This is not a complicated product. Oats. Water. A blender. Thirty cents of ingredients, five minutes of effort, and you have something that tastes better than the shelf-stable, additive-thickened "barista edition" carton sitting behind the counter. The gap between what oat milk costs to make and what it costs to consume is not a supply chain problem. It is a confidence game, and we keep losing.
The counterargument writes itself: you're paying for convenience, for the experience, for not hauling a mason jar to work like some kind of feral productivity enthusiast. Fair. Convenience has always commanded a premium, and no one is obligated to optimize their morning routine into a small manufacturing operation. But there is a difference between paying for convenience and paying for the illusion that the ingredient itself is rare or difficult — and the coffee industry has spent years cultivating that illusion around every alternative milk it touches.
Oat milk's rise was genuine. It solved real problems: a creamy texture that survives heat, a neutral flavor that doesn't fight the espresso, a product that works for people navigating dairy intolerance or environmental concern. The demand was earned. The pricing was not.

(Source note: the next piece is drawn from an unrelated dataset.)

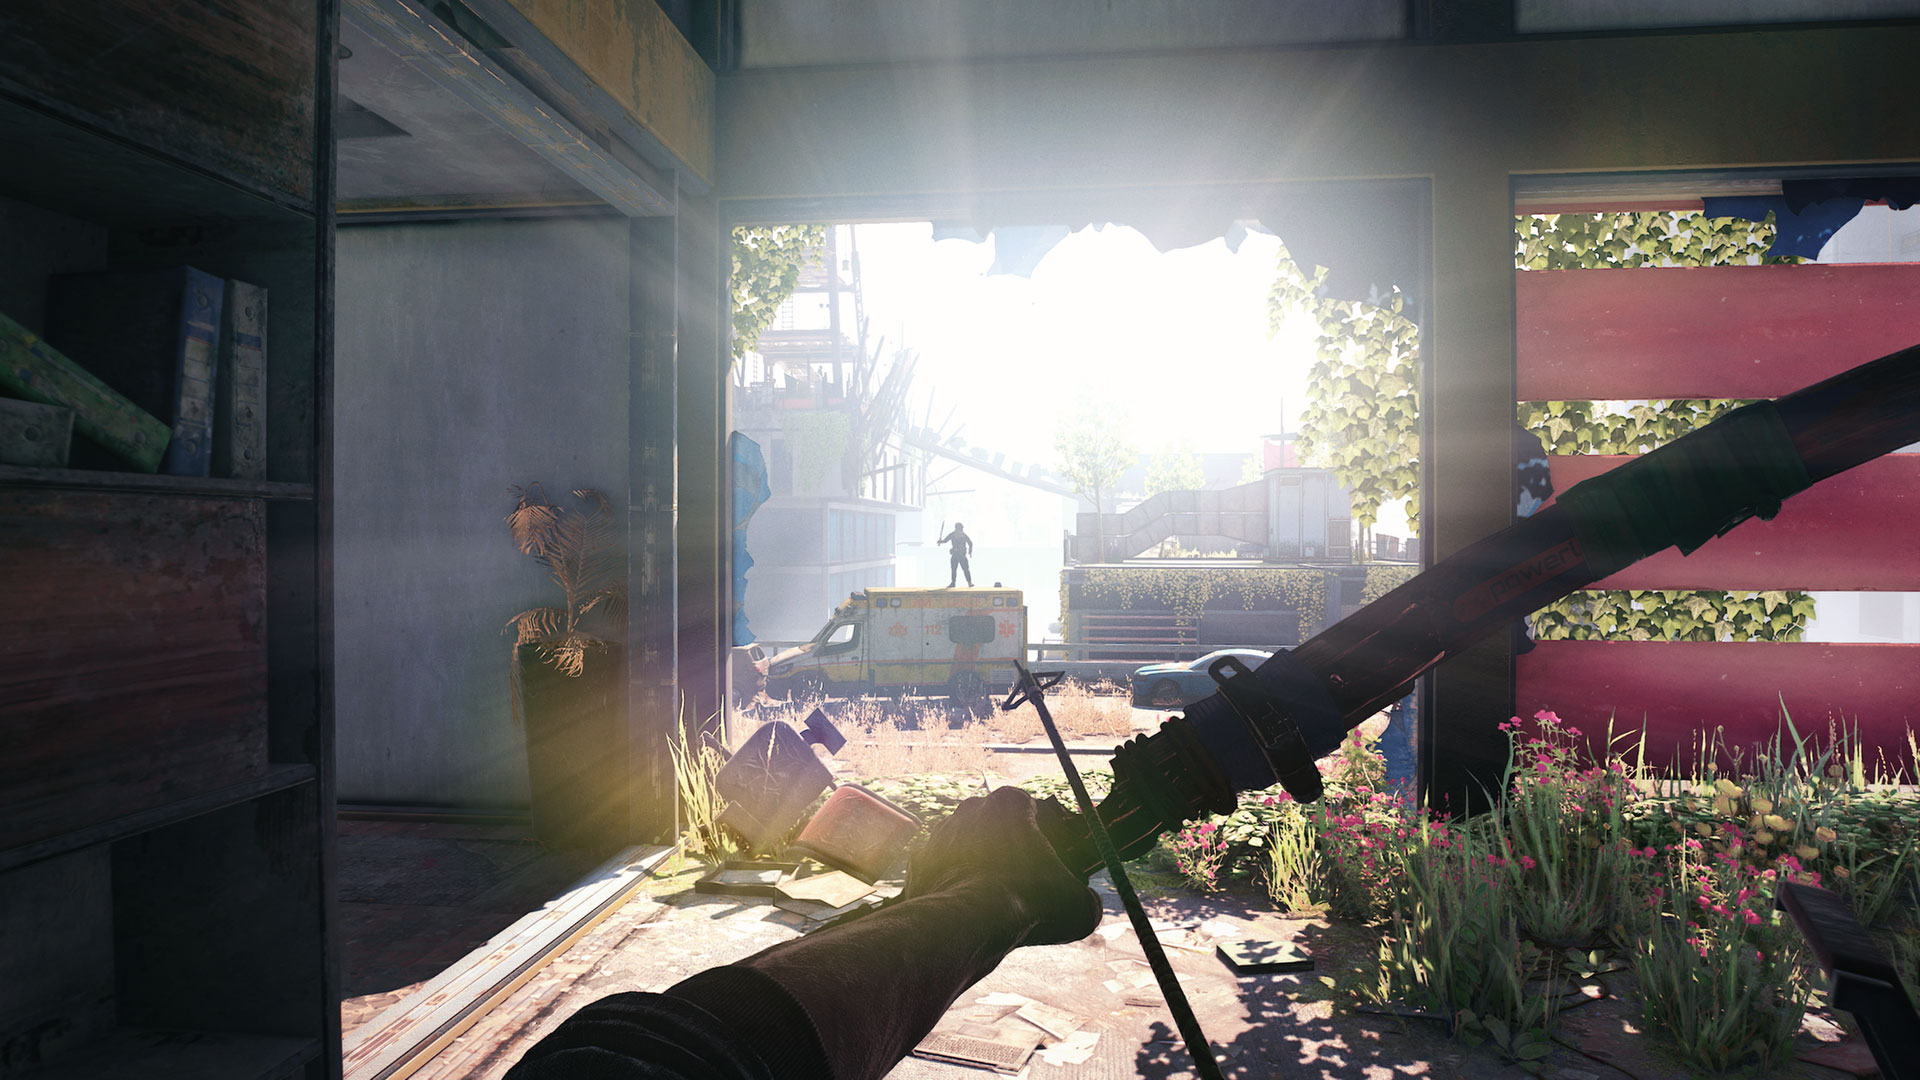 10 facts about Dying Light 2 that you must know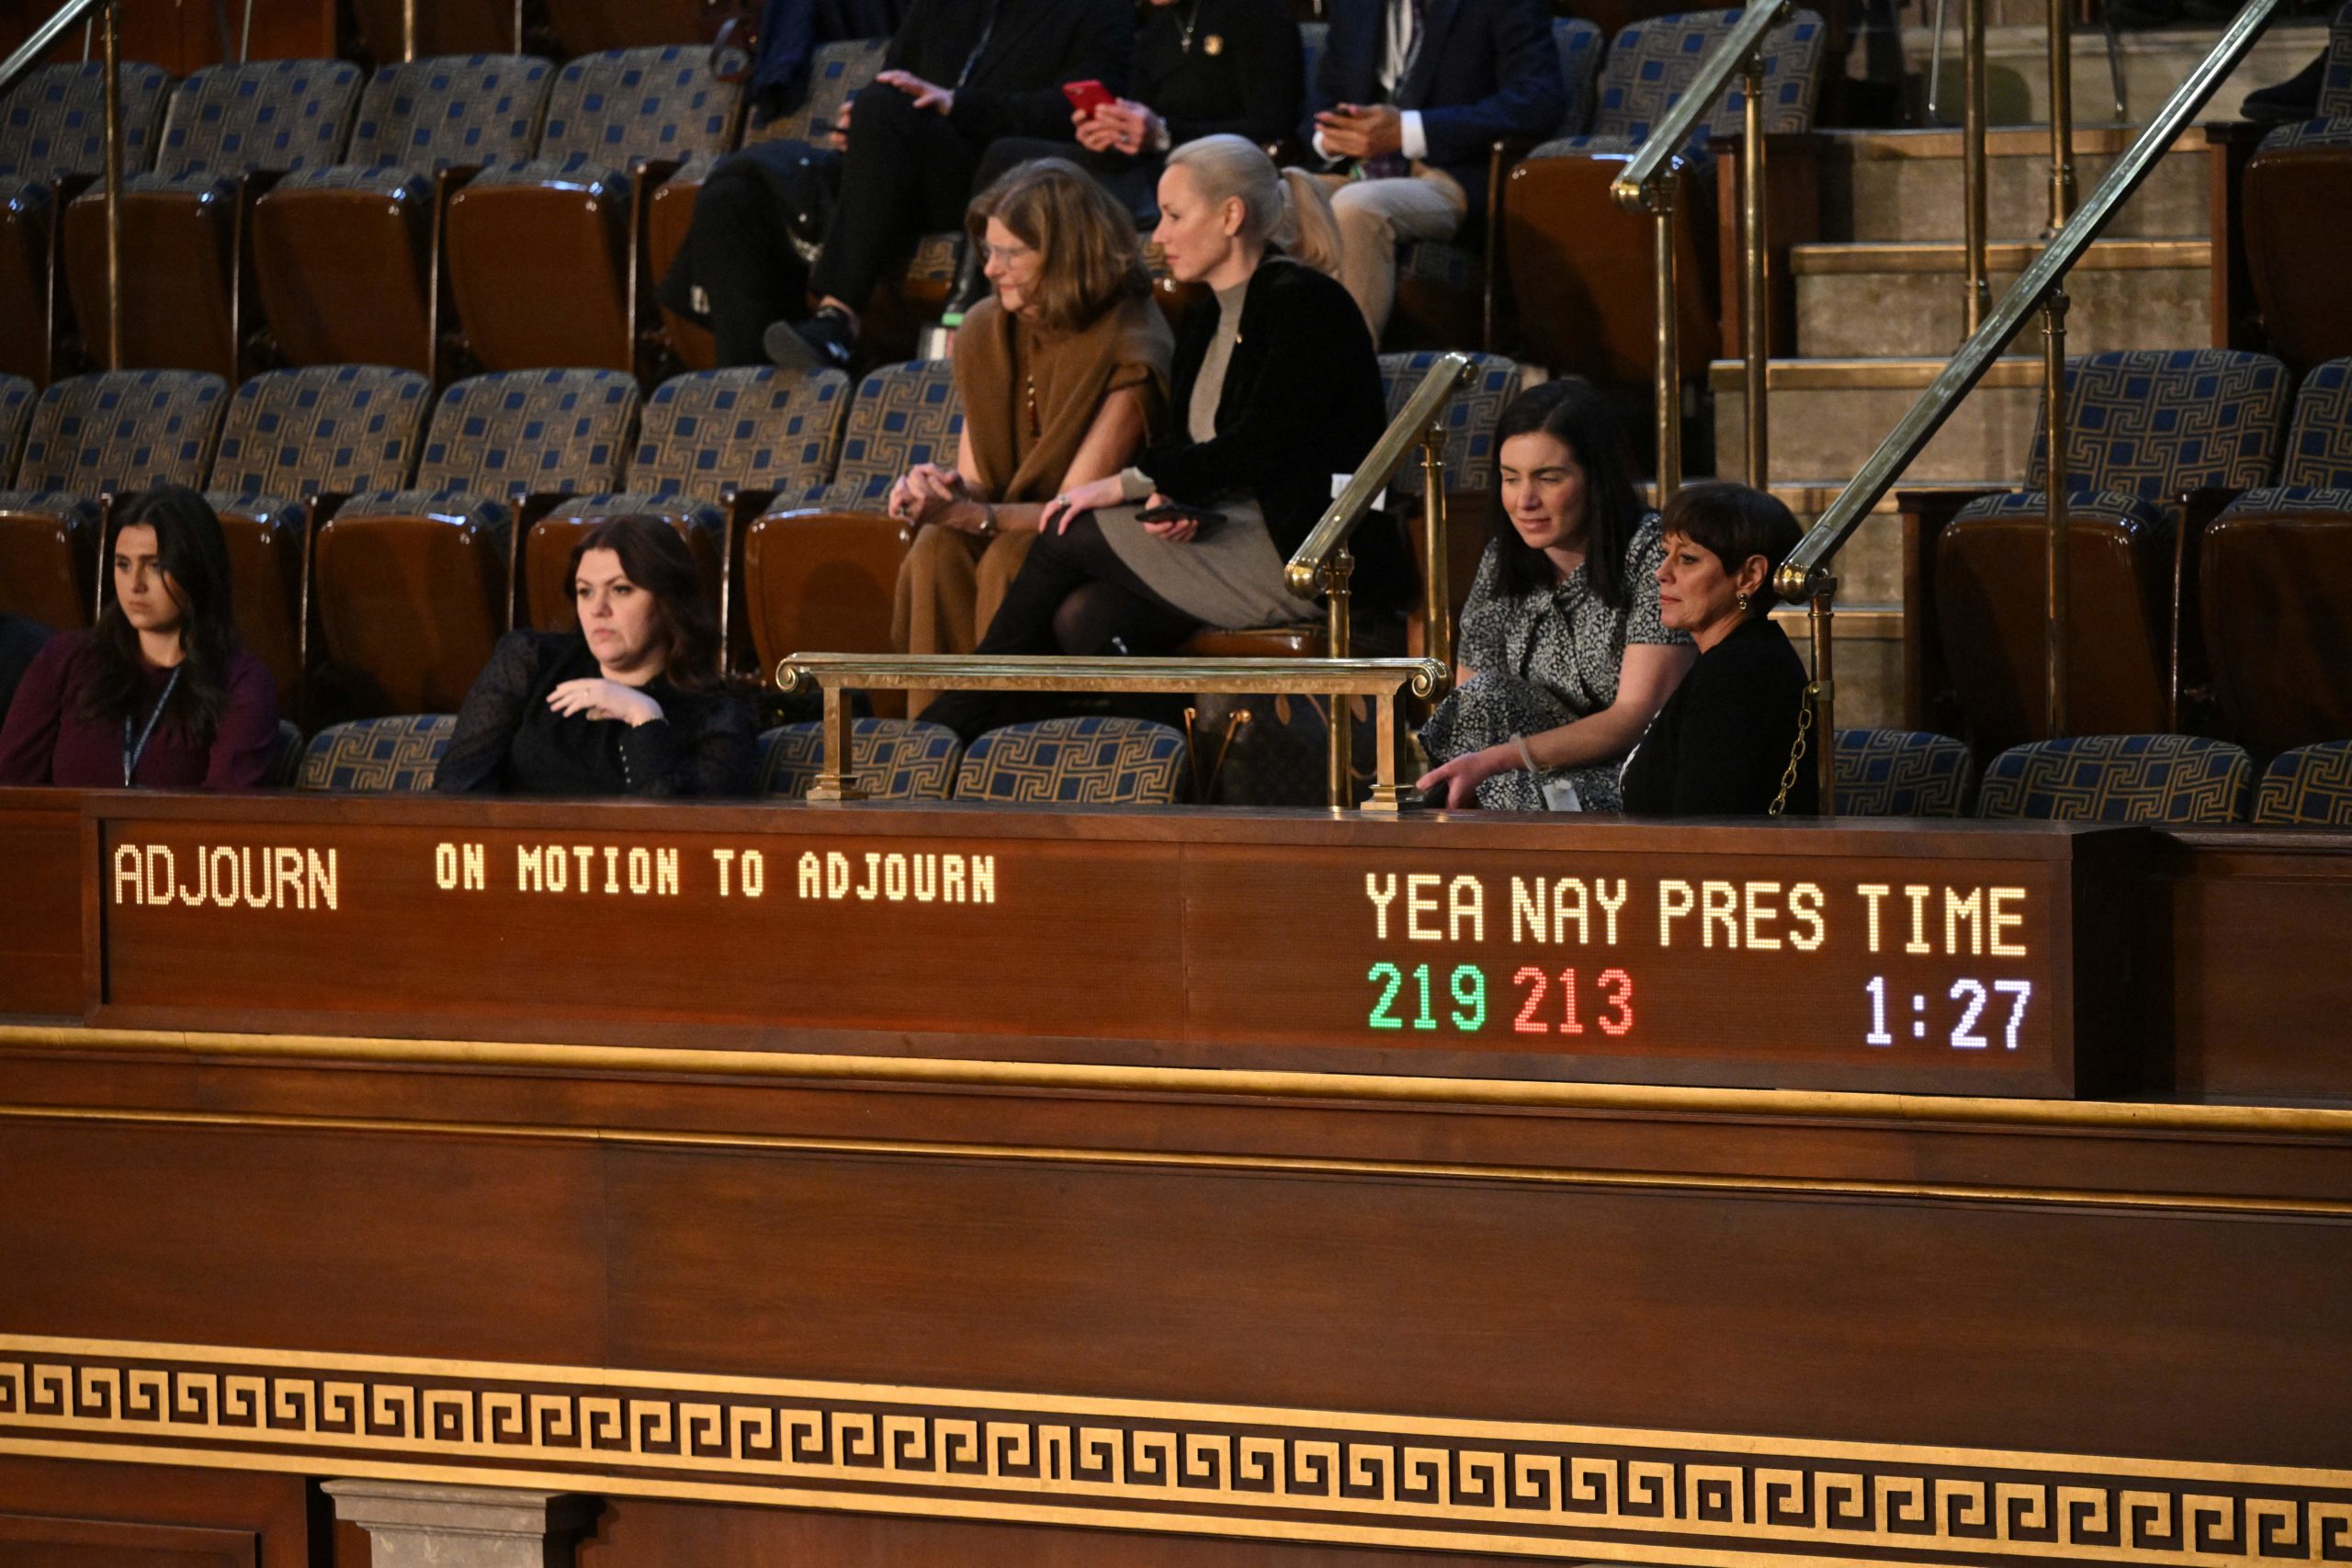 Onlookers watch as a board displays the vote count as members of the House of Representatives vote on a motion to adjourn, at the US Capitol in Washington, DC, on January 5, 2023. (Photo by MANDEL NGAN / AFP) (Photo by MANDEL NGAN/AFP via Getty Images)

Somewhere between a Swedish food startup and the corner café, oat milk stopped being an accessible alternative and became a luxury line item on a drink that already costs six dollars.
The mason jar crowd — the people blending their own at home, portioning it out, carrying it in bags that clink — they are not unhinged. They are just paying attention. They noticed that the emperor's oat milk has no clothes, or rather, has very simple clothes that anyone can sew in five minutes before work. The social cost is mild embarrassment. The financial return is real.
You don't have to make your own. But you should at least know what you're buying when you don't. It's oats. It's water. And the person who figured that out and started bringing a mason jar to the office has better coffee than you, and they know it.